See Hnswlib documentation for more information on these parameters.

annoy

annoy:
    ntrees: number of trees (int) - defaults to 10
    searchk: search_k search setting (int) - defaults to -1

See Annoy documentation for more information on these parameters. Note that annoy indexes can not be modified after creation, upserts/deletes and other modifications are not supported.

ggml

ggml:
    gpu: enable GPU - defaults to True
    quantize: sets the tensor quantization - defaults to F32
    querysize: query buffer size - defaults to 64

The GGML backend is a k-nearest neighbors backend. It stores tensors using GGML and GGUF. It supports GPU-enabled operations and supports quantization. GGML is the framework used by llama.cpp.

See this for a list of quantization types.

numpy

The NumPy backend is a k-nearest neighbors backend. It's designed for simplicity and works well with smaller datasets that fit into memory.

numpy:
    safetensors: stores vectors using the safetensors format
                 defaults to NumPy array storage

torch

The Torch backend is a k-nearest neighbors backend like NumPy. It supports GPU-enabled operations. It also has support for quantization which enables fitting larger arrays into GPU memory.

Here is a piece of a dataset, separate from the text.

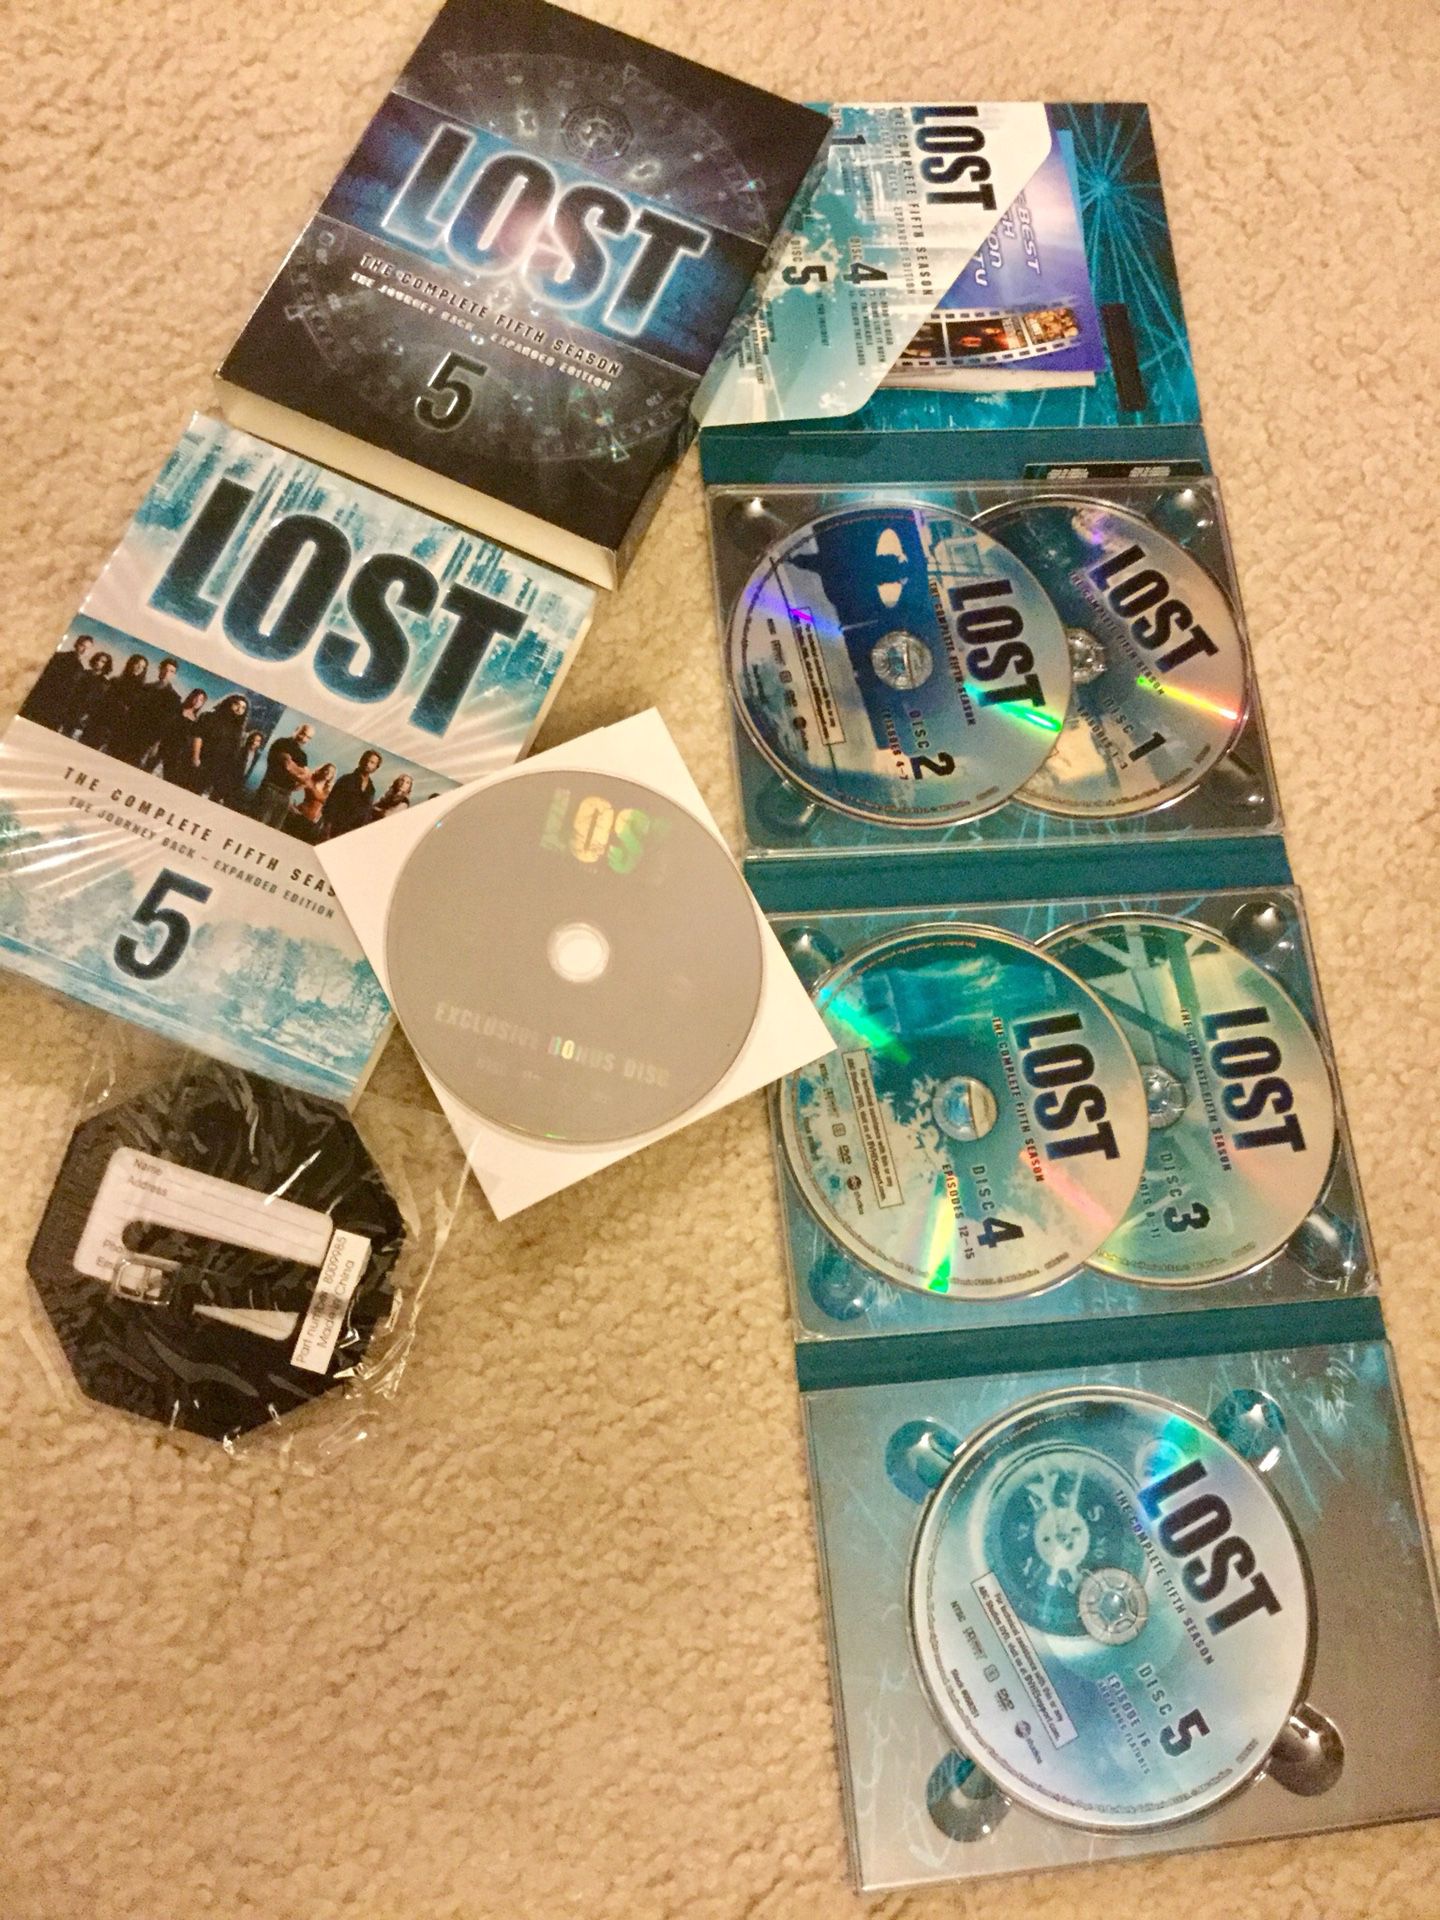 LOST 5 / The Complete Fifth Season * The Journey back - expended edition + Bonus DVD 📀📀😁🍿🎥

When quantization is enabled, vectors are always stored in safetensors. Note that macOS support for quantization is limited.

torch:
    safetensors: stores vectors using the safetensors format - defaults
                 to NumPy array storage if quantization is disabled
    quantize:
        type: quantization type (fp4, nf4, int8)
        blocksize: quantization block size parameter

pgvector

pgvector:
    url: database url connection string, alternatively can be set via
         ANN_URL environment variable
    schema: database schema to store vectors - defaults to being
            determined by the database
    table: database table to store vectors - defaults to `vectors`
    precision: vector float precision (half or full) - defaults to `full`
    efconstruction:  ef_construction param (int) - defaults to 200
    m: M param for init_index (int) - defaults to 16

The pgvector backend stores embeddings in a Postgres database. See the pgvector documentation for more information on these parameters. See the SQLAlchemy documentation for more information on how to construct url connection strings.

sqlite

sqlite:
    quantize: store vectors with x-bit precision vs 32-bit (boolean|int)
              true sets 8-bit precision, false disables, int sets specified
              precision
    table: database table to store vectors - defaults to `vectors`

The SQLite backend stores embeddings in a SQLite database using sqlite-vec. This backend supports 1-bit and 8-bit quantization at the storage level.

See this note on how to run this ANN on MacOS.